这里是权值的导数和反向传播上的偏差的计算：

    def backpropagation(self, x, y):
        predicted_value = self.forward_propagation(x)
        cost_value_derivative = self.loss_function(
                predicted_value.T, self.expected_value(y), derivative=True
            )
        print(f"{'-*-'*15} PREDICTION {'-*-'*15}")
        print(f"Predicted Value: {np.argmax(predicted_value)}")
        print(f"Actual Value: {y}")
        print(f"{'-*-'*15}{'-*-'*19}")

        derivative_W2 = (cost_value_derivative*self.sigmoid(
            self.output_layer_without_activity, derivative=True)
        ).dot(self.hidden_layer.T).T

        print(f"Derivative_W2: {derivative_W2.shape}, weights_hidden_layer_to_output_layer: {self.weights_hidden_layer_to_output_layer.shape}")
        assert derivative_W2.shape == self.weights_hidden_layer_to_output_layer.shape

        derivative_b2 = (cost_value_derivative*(self.sigmoid(
                self.output_layer_without_activity, derivative=True).T
        )).T

        print(f"Derivative_b2: {derivative_b2.shape}, bias_on_output_layer: {self.bias_on_output_layer.shape}")
        assert derivative_b2.shape == self.bias_on_output_layer.shape

        derivative_b1 = cost_value_derivative*self.sigmoid(
            self.output_layer_without_activity.T, derivative=True
        ).dot(self.weights_hidden_layer_to_output_layer.T).dot(
            self.sigmoid(self.hidden_layer_without_activity, derivative=True)
        )
        print(f"Derivative_b1: {derivative_b1.shape}, bias_on_hidden_layer: {self.bias_on_hidden_layer.shape}")

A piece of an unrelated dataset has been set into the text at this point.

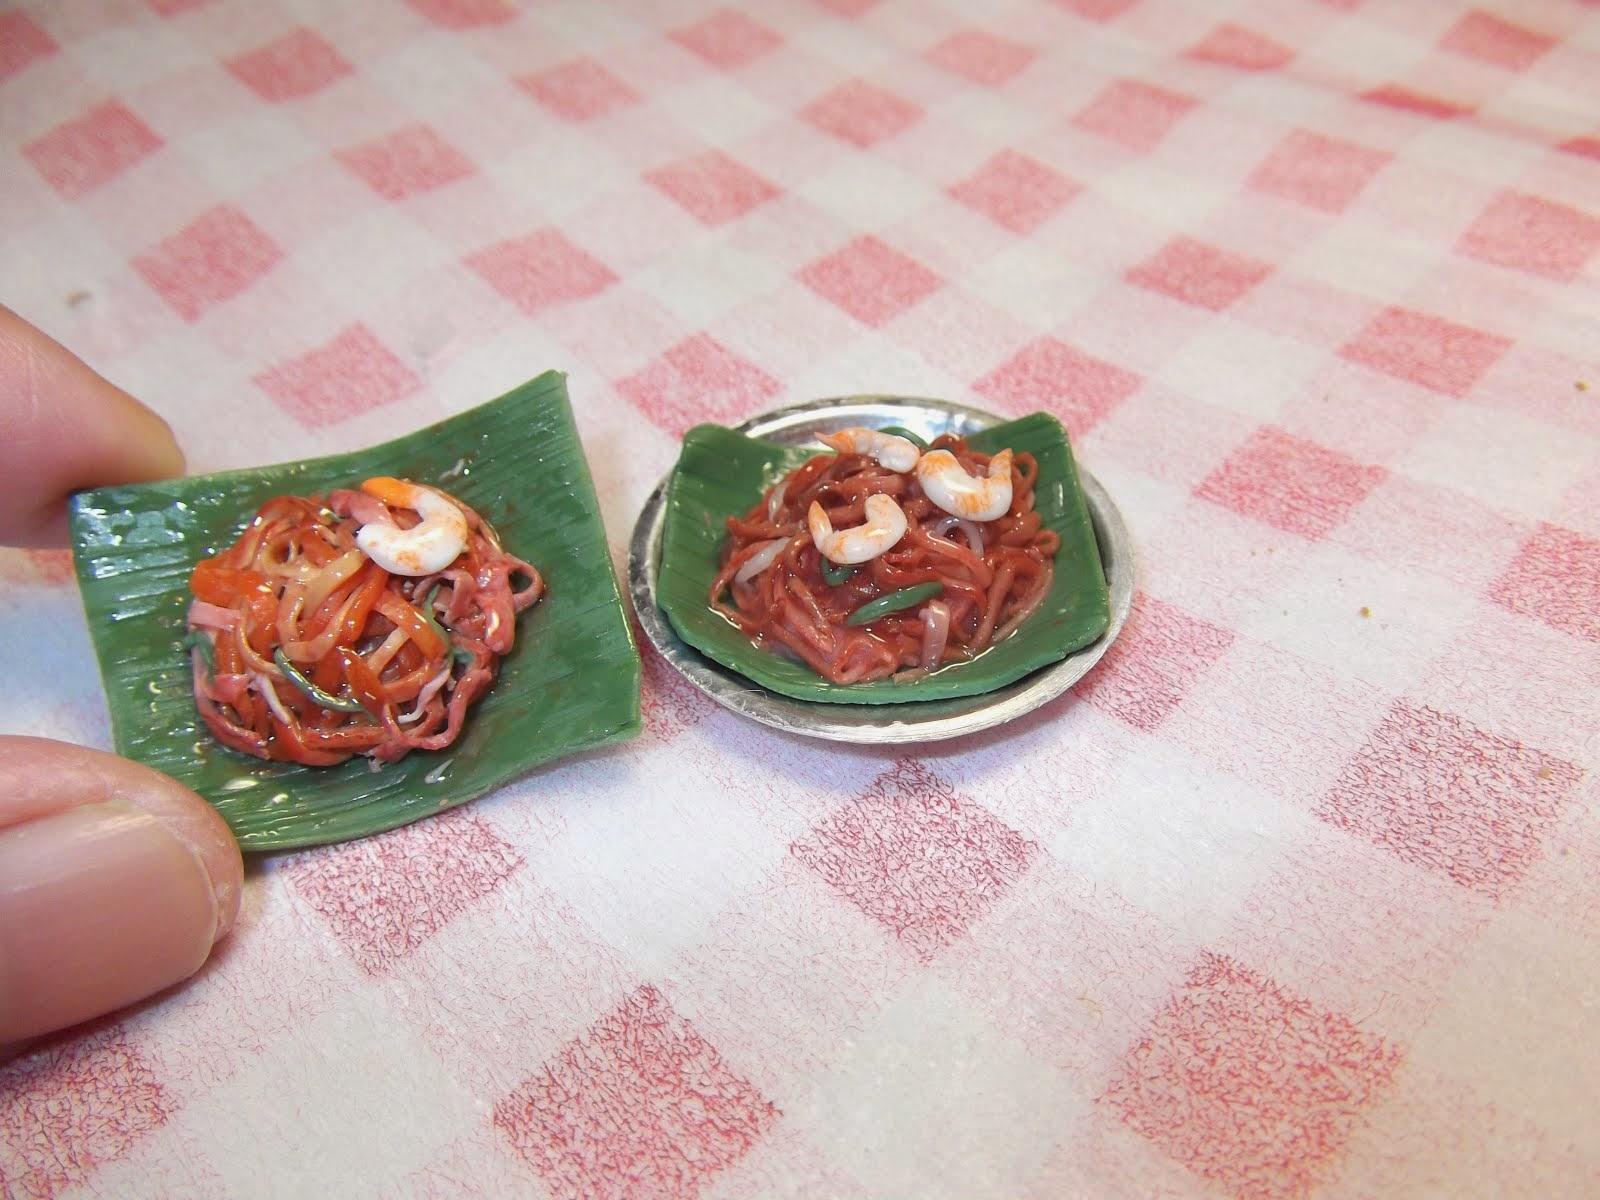 My handmade miniature kway teow

        assert derivative_b1.shape == self.bias_on_hidden_layer.shape

        derivative_W1 = cost_value_derivative*self.sigmoid(
            self.output_layer_without_activity.T, derivative=True
        ).dot(self.weights_hidden_layer_to_output_layer.T).dot(self.sigmoid(
                self.hidden_layer_without_activity, derivative=True)
        ).dot(x)

        print(f"Derivative_W1: {derivative_W1.shape}, weights_input_layer_to_hidden_layer: {self.weights_input_layer_to_hidden_layer.shape}")
        assert derivative_W1.shape == self.weights_input_layer_to_hidden_layer.shape

        return derivative_W2, derivative_b2, derivative_W1, derivative_b1

下面是我实现的前向传播：

    def forward_propagation(self, x):

        self.hidden_layer_without_activity = self.weights_input_layer_to_hidden_layer.T.dot(x.T) + self.bias_on_hidden_layer

        self.hidden_layer = self.sigmoid(
            self.hidden_layer_without_activity
        )

        self.output_layer_without_activity = self.weights_hidden_layer_to_output_layer.T.dot(
            self.hidden_layer
        ) + self.bias_on_output_layer

        self.output_layer = self.sigmoid(
            self.output_layer_without_activity
        )

        return self.output_layer

以weights_hidden_layer_to_output_layer变量为例，对权重和偏差的梯度下降更新是weights_on_hidden_layer_to_output_layer -= learning_rate*derivative_W2，其中derivative_W2是相对于weights_hidden_layer_to_output_layer的损失函数的导数。

Answer 1

由于您没有提供您的函数的定义，所以很难知道它哪里出错了。但是，我通常使用这个代码片段来计算一个有一个隐藏层和所有sigmoid激活的NN。我希望它能帮助您调试代码。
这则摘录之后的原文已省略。